Over three quarters of asset allocation (79%) by FTSE 100 and FTSE 250 DC schemes has been to equities, Schroders has revealed in its research that set out to explore whether asset class diversification was the ‘new normal’ in practice.
For a typical portfolio, global (including European) equities had the highest allocation of all equity classes at 46%, compared to UK equities at 33% and emerging markets at just 2.9%.
Within FTSE 100 DC schemes the majority of assets were held in three asset classes: global equities (47%), UK equities (27.5%) and fixed income (10%). The remaining 15.5% was split between cash, property, hedge fund/absolute return, commodities and other asset classes.
FSTSE 250 schemes were even more heavily weighted towards global equities at 45%, followed by UK equities at 41%, fixed income at 7% and other alternatives also at 7%.
Schroders head of DC Stephen Bowles said: “This research is specifically looking at DC default funds in the accumulation stage. It has shown that there’s a wide divergence among default DC schemes in terms of asset allocation, however it is clear that many of the employees of the UK‘s largest employers have no exposure to a wide range of alternative asset classes.
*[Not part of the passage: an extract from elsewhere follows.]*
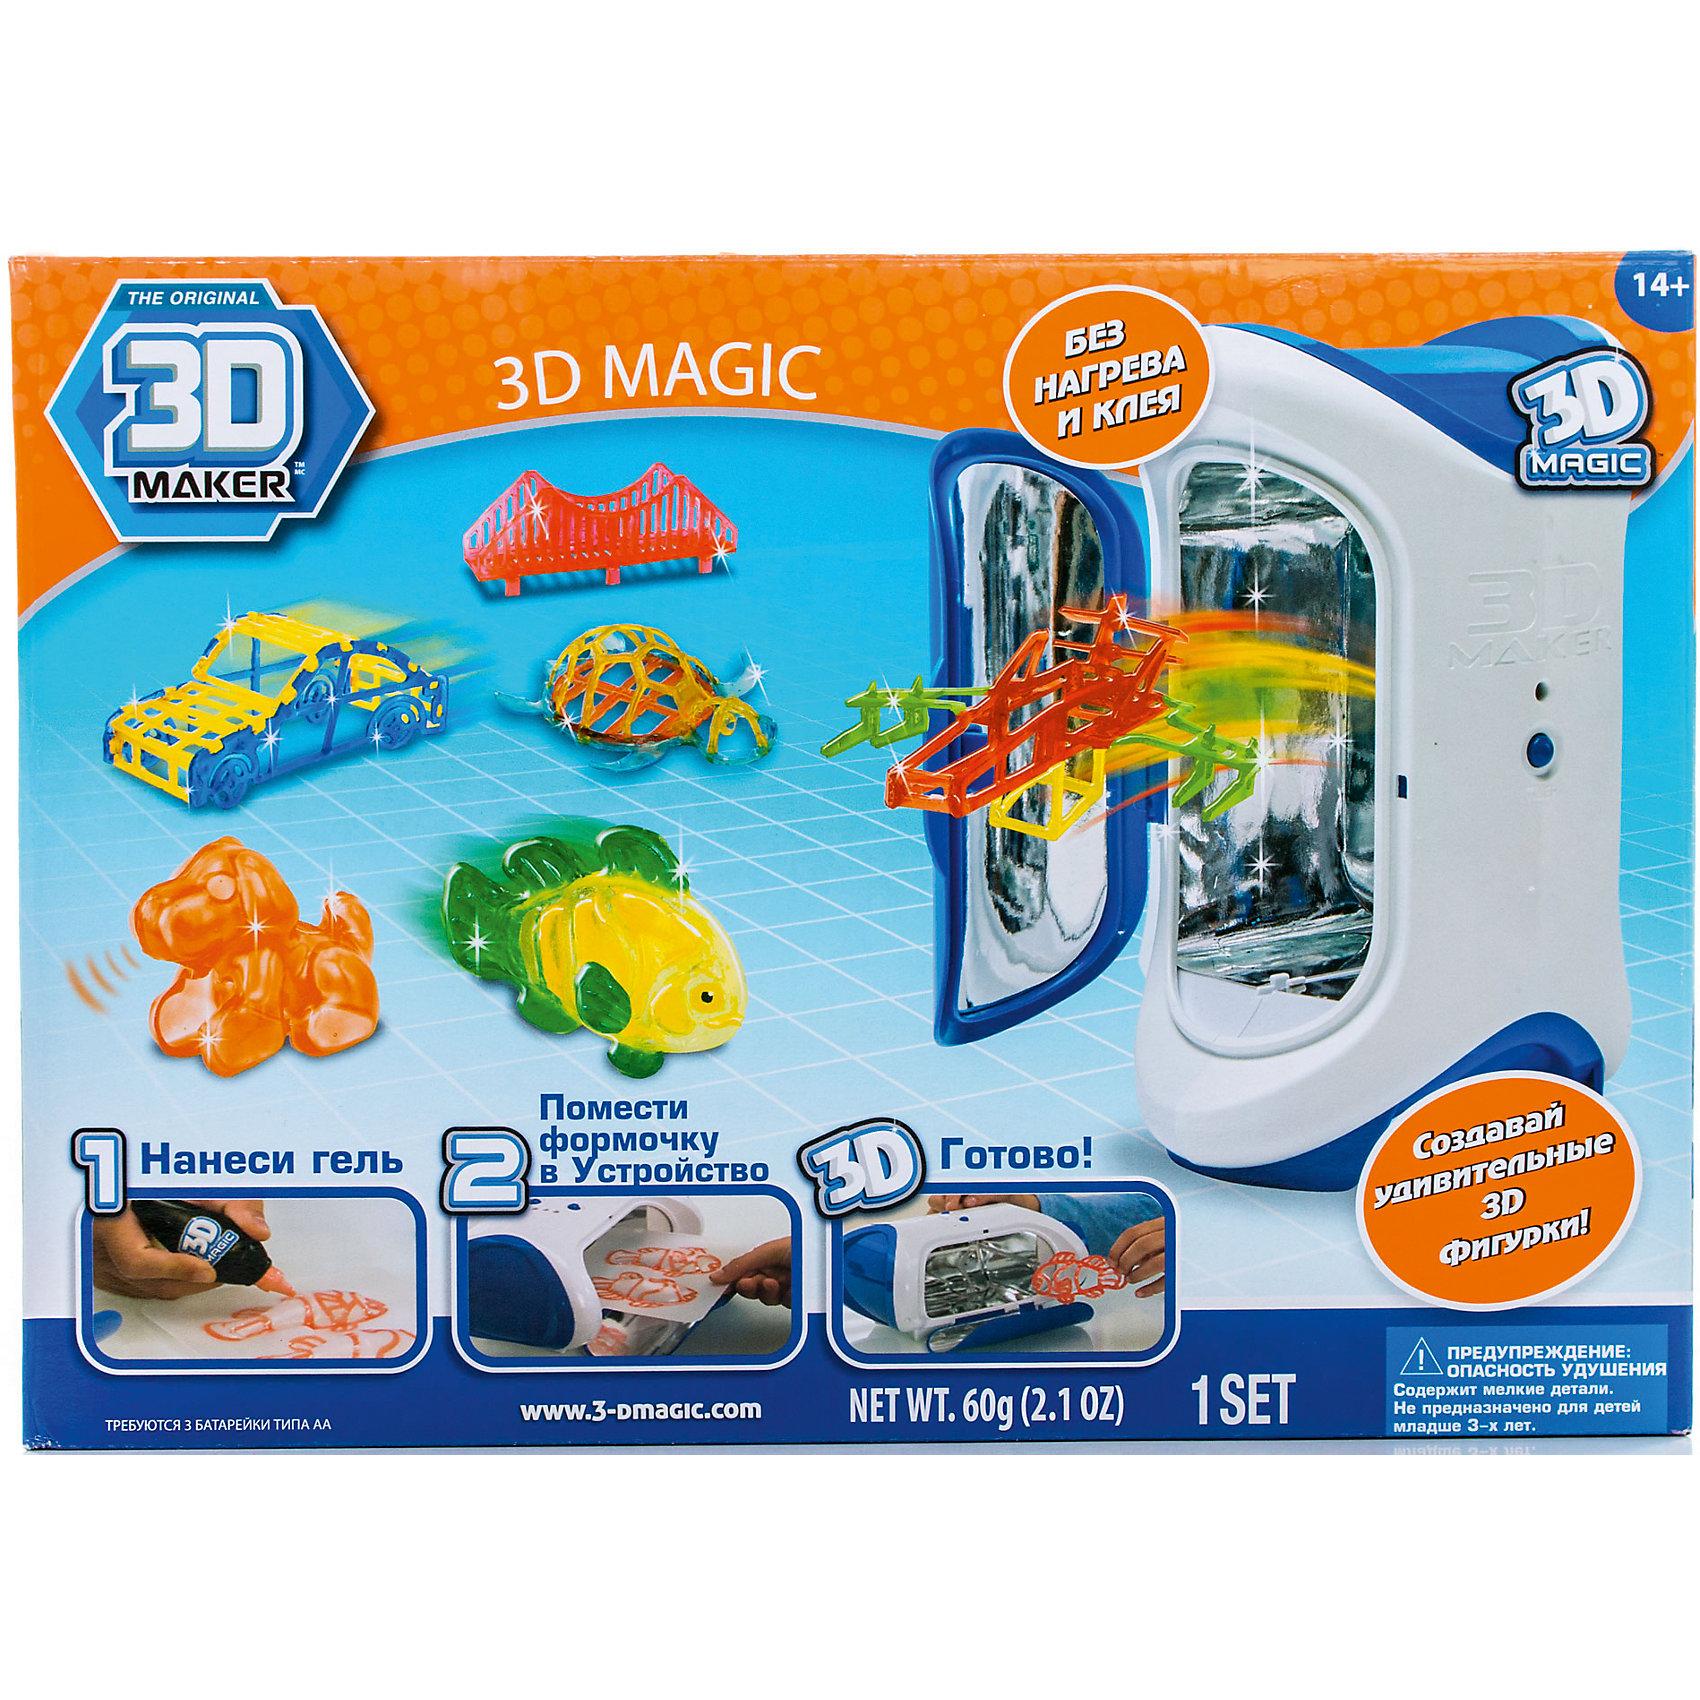 Набор 3D Magic для создания объемных моделей 3D Maker3D-ручки<br>Характеристики товара:<br><br>• материал: пластик<br>• вес: 900 г<br>• размер упаковки: 36х26х13 см<br>• комплектация: 3D Magic Maker (устройство с ультрафиолетовой лампой), 3 тюбика с гелем (красный, оранжевый, зеленый), 3 формочки, 3 трафарета, 2 дополнительных трафарета для свободного моделирования, инструкция<br>• батарейки: 3хAA/LR61.5V(пальчиковые) <br>• упаковка: коробка<br>• на русском языке<br><br>3D-моделирование - это современный и очень увлекательный вид творчества! С помощью него можно создать множество различных фигурок. Этот набор - качественный и удобный, который поможет ребенку выразить свои творческие способности. Объемная фигурка получается из безопасного материала, очень красиво смотрится. В наборе есть специальные трафареты.<br>В комплект входит всё необходимое, чтобы сразу приступить к созданию объемных фигур! Изделие произведено из качественных и безопасных для ребенка материалов. Работа с таким набором помогает развить мышление ребенка, аккуратность, внимательность, мелкую моторику и воображение. Полезный и развивающий подарок!<br><br>Набор 3D Magic для создания объемных моделей 3D Maker можно купить в нашем интернет-магазине.<br><br>Ширина мм: 360<br>Глубина мм: 260<br>Высота мм: 130<br>Вес г: 900<br>Возраст от месяцев: 72<br>Возраст до месяцев: 120<br>Пол: Унисекс<br>Возраст: Детский<br>SKU: 5230671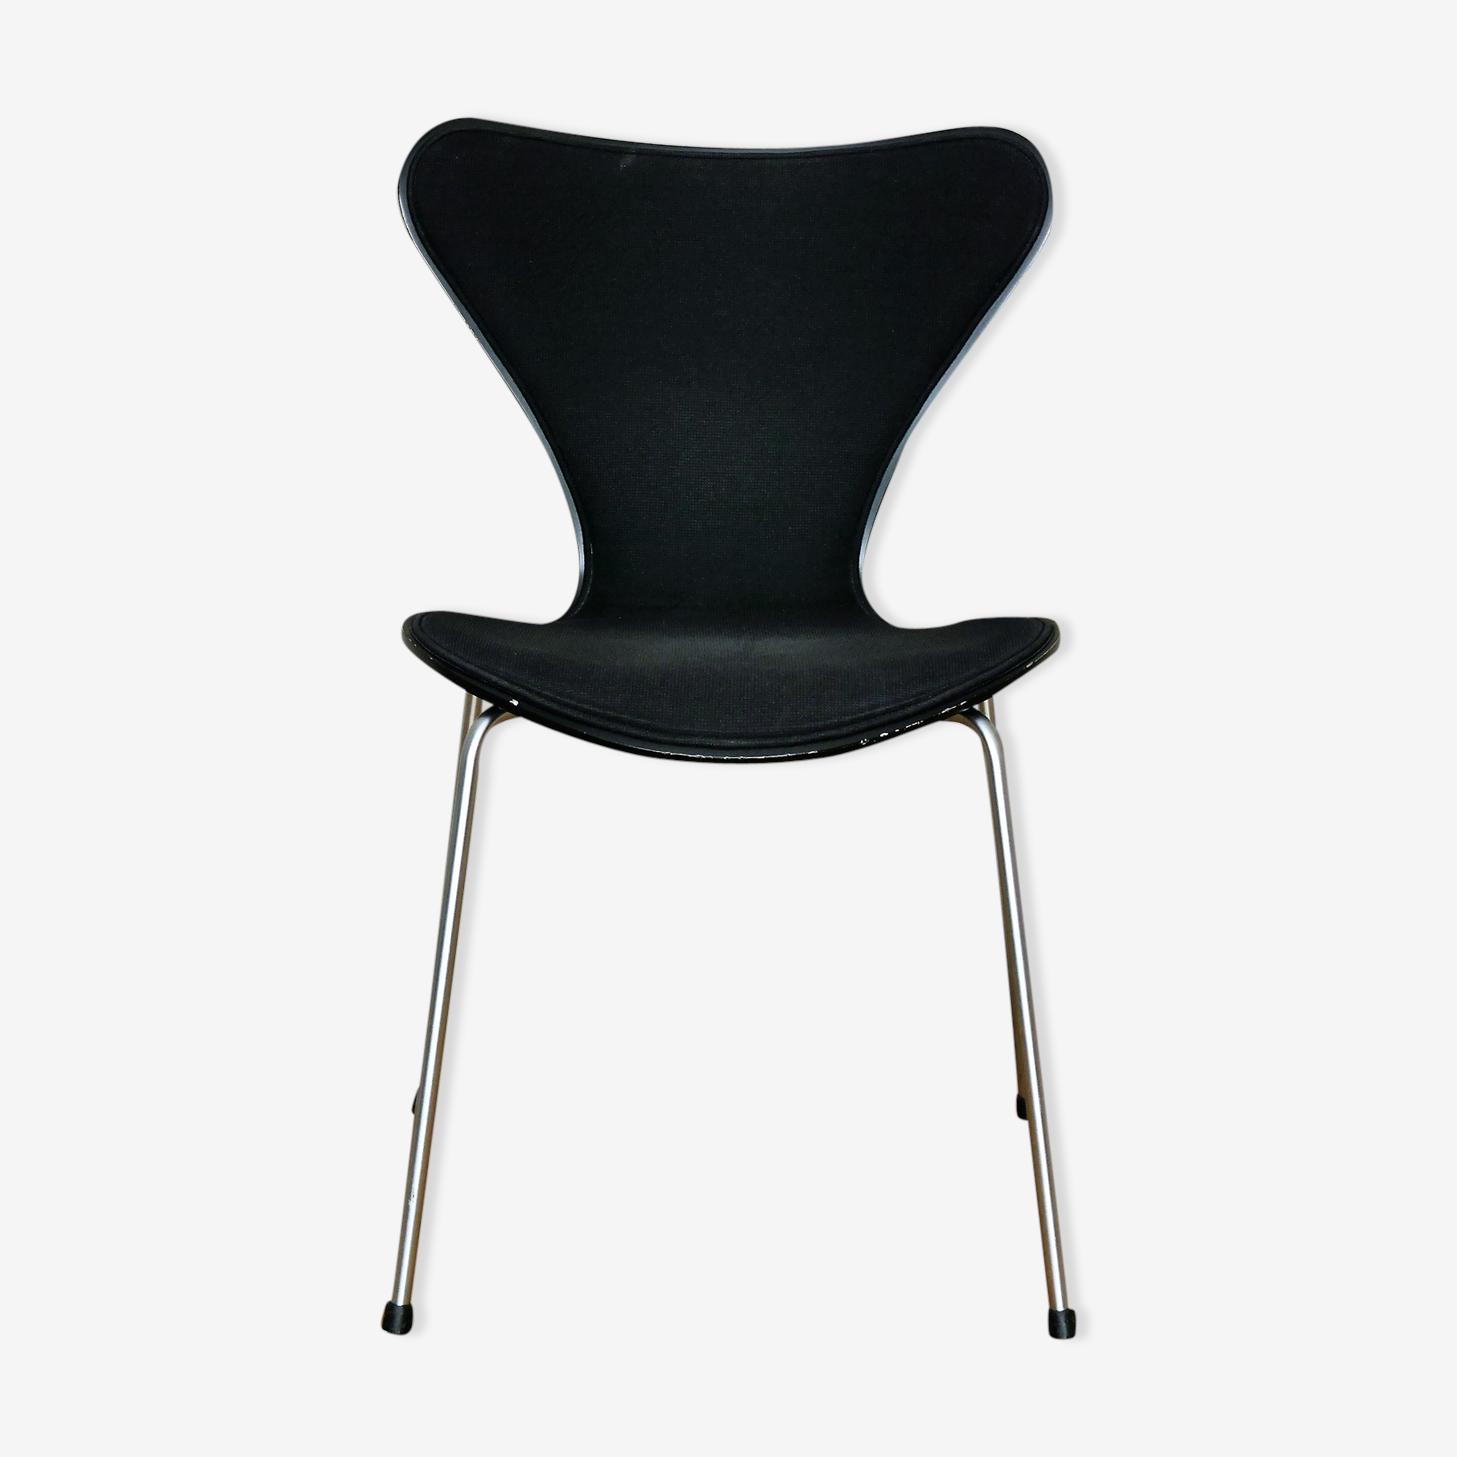 Chaise de bureau 3107 de Jacobsen édition Fritz Hansen

“Surprisingly the average DC default strategy of a FTSE 100 or a FTSE 250 company today appears not to have diversified away substantially from pure equity exposure. This indicates that trustees have hugely different opinions as to how they believe their investment strategies can best be achieved. Alternatives account for just 11% of an average portfolio and therefore this does throw into doubt the widespread belief that diversification is already the ‘new normal’ in DC.”